Adam got a skillet out of a cabinet and eggs and milk out of the fridge. “There’s one furniture store in town,” he said, cracking eggs on the side of the skillet, then adding milk before starting to stir them with a fork. “They might have one. Otherwise there’s Logan. It’s about forty-five minutes away. Do you want cheese on your eggs?”

“Sure.” Kalen sat on one of the stools, patting Moira’s back. “That sounds like it’s far. Do you have a car seat?” He rolled the unfamiliar term over his tongue. “You said one saved her. It seems like something we should have.”

“It did, and no, I don’t.” Adam had the eggs fluffy now, and he split them onto two plates before getting a bag of shredded cheese out to sprinkle over the hot eggs. He put everything away while the eggs cooled, getting out orange juice and two cups and forks. “Hope you like orange juice; it’s all I have. Hope you have money too, because this stuff is going to be expensive.”

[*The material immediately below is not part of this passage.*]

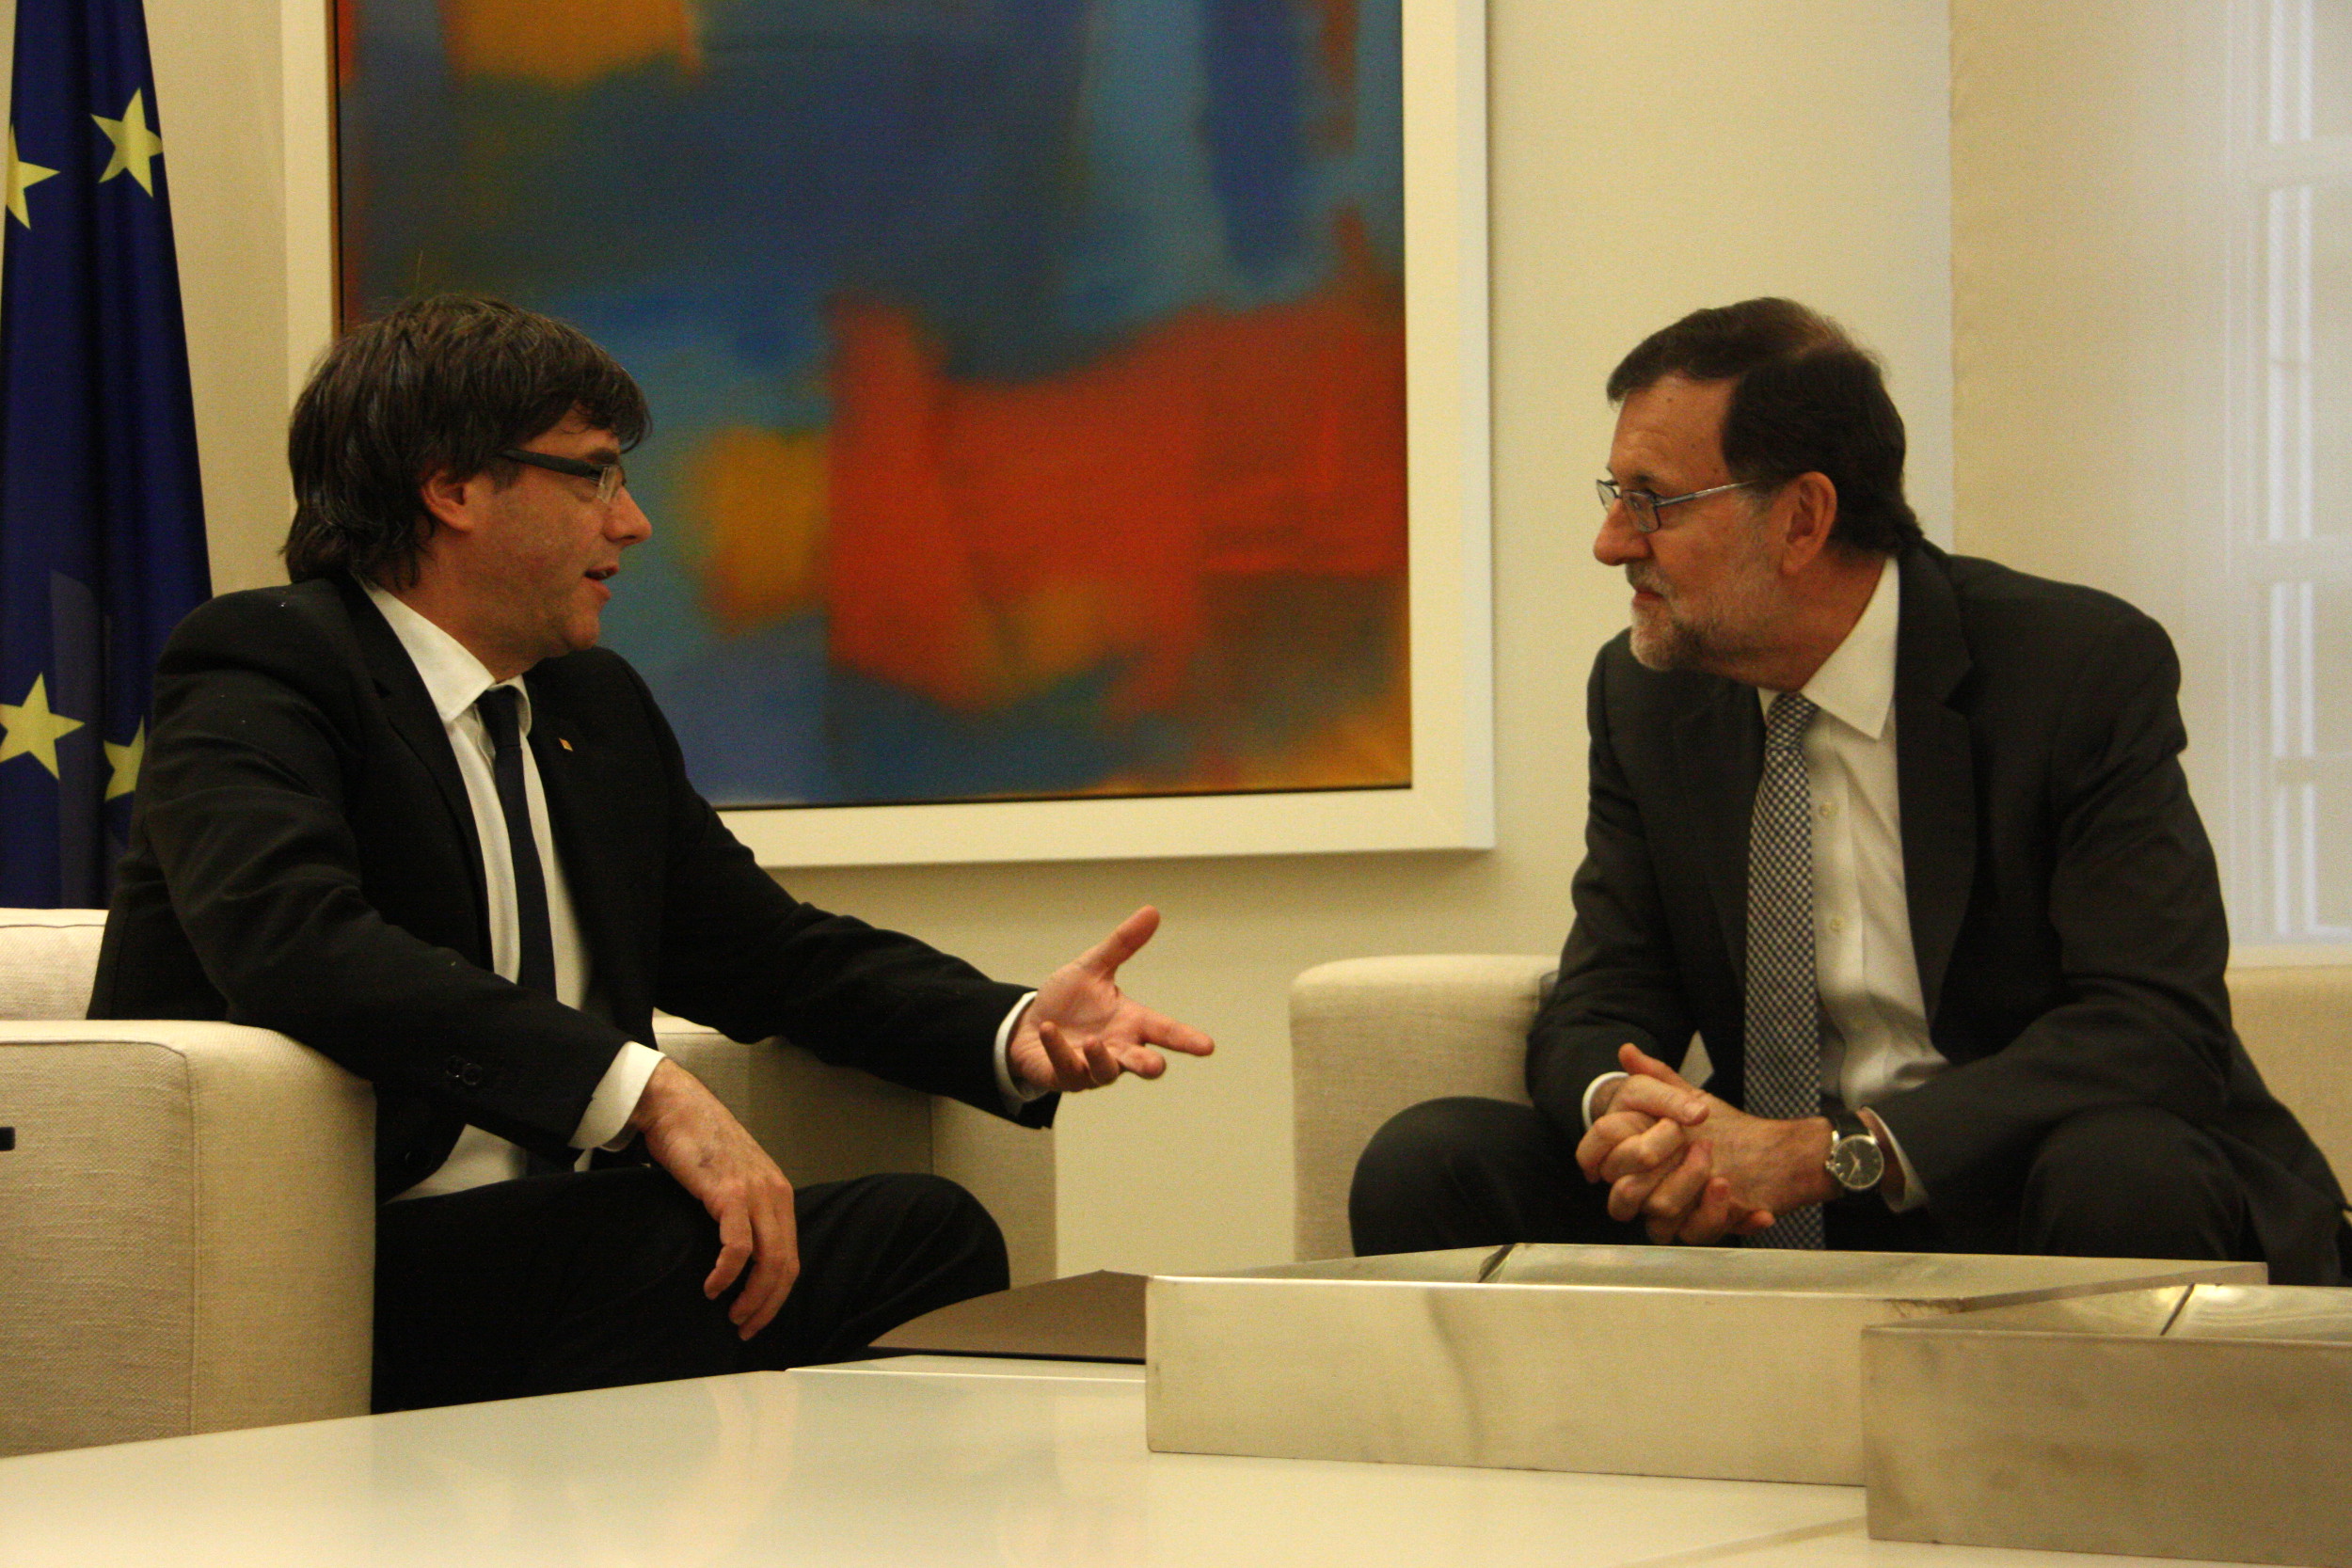 Catalan President, Carles Puigdemont during his first meeting with Current Spanish President, Mariano Rajoy (by ACN)

“Money is not an issue,” Kalen said. He settled Moira on his lap and pulled his plate closer. “Thank you. Whatever you need me to pay for, I can take care of. I already have more gold than I can spend in a hundred years, and my parents insisted on providing funds of their own. No, darling, this is my food,” he added to Moira, putting his eggs out of her reach. “You just ate.”

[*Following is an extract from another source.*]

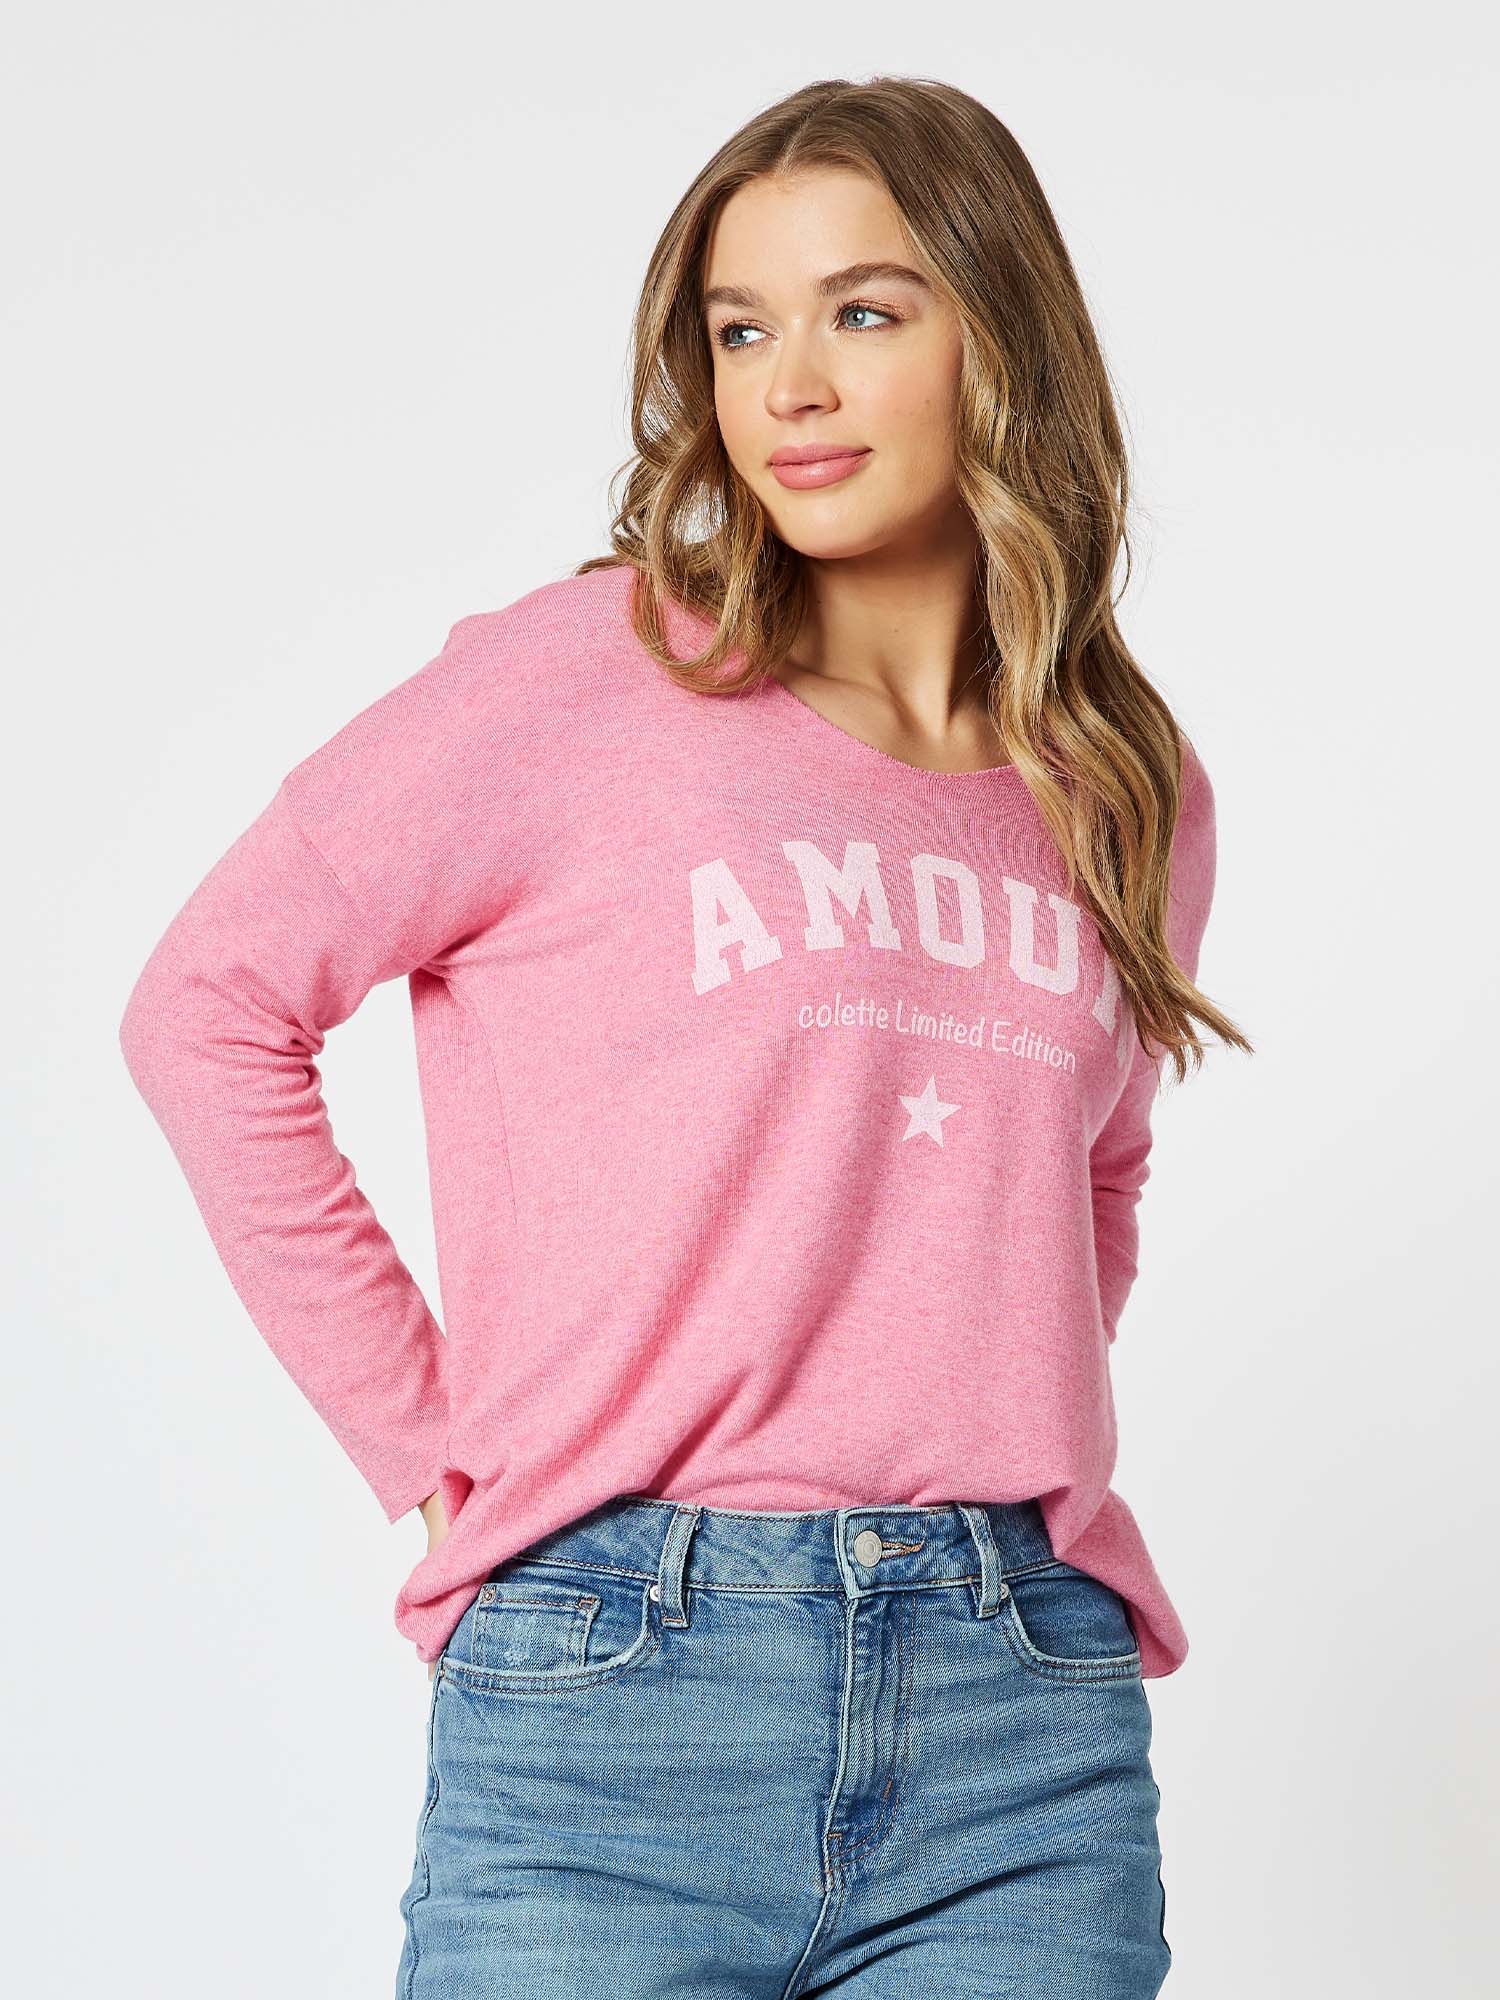 Amour Knit Top Top - Pink

He looked up at Adam and offered a small smile. Adam looked rumpled but rested, his robe hanging open to show that bare, toned chest Kalen had already seen so much of. “I think we should get her a high chair too,” Kalen said.

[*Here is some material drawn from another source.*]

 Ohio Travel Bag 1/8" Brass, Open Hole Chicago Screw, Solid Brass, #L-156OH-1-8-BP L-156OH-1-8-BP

“I may have you help with utilities if you use a lot of water, and maybe groceries once in a while. But I manage okay. We should stop at a bank if you’re carrying gold and trade it in for paper money instead. People don’t really use gold anymore.” Adam raised an eyebrow at Kalen and then tucked in, quickly demolishing his eggs.

“I have a credit card,” Kalen said around bites of food. For something so simple, it was surprisingly delicious. Of course, even with the realm travel, it had been the better part of a day since Kalen had eaten anything, so there was that. “My people long ago figured out how to connect our money to your banks for when we’re visiting.” He finished his eggs and drained the juice in several long swallows. “It’s only fair I shoulder some of the expenses.”

“A credit card is even better,” Adam said. He took their plates and glasses and put them in the sink. “Let me shower and get dressed. Then we can see if Cheryl across the street will loan us her car seat until we can get one for Moira.”

Kalen nodded, then wrinkled his nose as a ripe smell rose up from Moira. “We’ll need diapers too.”